Exercise brief:
List each line of the data that holds the string "view", please.

Information given:

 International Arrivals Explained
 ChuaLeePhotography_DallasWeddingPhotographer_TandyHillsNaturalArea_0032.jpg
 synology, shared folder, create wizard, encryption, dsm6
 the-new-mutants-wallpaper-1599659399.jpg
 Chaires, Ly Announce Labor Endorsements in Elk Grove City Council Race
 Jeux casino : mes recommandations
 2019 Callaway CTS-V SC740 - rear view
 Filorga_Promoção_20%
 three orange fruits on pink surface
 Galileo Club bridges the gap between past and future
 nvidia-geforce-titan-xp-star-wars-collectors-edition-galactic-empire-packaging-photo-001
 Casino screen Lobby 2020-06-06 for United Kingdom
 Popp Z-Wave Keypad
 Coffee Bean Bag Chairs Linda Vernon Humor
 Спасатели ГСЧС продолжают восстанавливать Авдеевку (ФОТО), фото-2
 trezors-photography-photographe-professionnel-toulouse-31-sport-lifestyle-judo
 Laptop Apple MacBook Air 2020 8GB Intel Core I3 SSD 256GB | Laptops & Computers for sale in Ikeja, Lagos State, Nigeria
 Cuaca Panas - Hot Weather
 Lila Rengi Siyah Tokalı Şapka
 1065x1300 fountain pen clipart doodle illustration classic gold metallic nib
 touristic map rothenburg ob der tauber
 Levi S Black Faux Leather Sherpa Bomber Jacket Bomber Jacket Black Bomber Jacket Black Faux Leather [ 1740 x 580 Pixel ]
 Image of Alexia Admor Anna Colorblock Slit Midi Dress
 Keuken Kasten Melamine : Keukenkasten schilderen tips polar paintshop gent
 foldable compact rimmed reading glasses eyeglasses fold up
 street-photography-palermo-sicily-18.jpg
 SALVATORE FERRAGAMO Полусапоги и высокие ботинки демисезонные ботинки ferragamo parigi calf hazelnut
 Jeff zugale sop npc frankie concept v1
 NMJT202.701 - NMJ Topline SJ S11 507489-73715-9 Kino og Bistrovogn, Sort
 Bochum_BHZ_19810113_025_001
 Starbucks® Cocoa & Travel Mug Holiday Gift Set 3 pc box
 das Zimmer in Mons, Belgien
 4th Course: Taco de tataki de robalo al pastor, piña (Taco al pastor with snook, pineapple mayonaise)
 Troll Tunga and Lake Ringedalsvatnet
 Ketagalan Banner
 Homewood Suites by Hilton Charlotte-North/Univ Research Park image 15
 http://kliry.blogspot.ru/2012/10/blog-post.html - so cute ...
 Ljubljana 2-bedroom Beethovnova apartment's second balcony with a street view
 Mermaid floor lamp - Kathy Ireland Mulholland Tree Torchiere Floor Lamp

Problem solution:
 2019 Callaway CTS-V SC740 - rear view
 Ljubljana 2-bedroom Beethovnova apartment's second balcony with a street view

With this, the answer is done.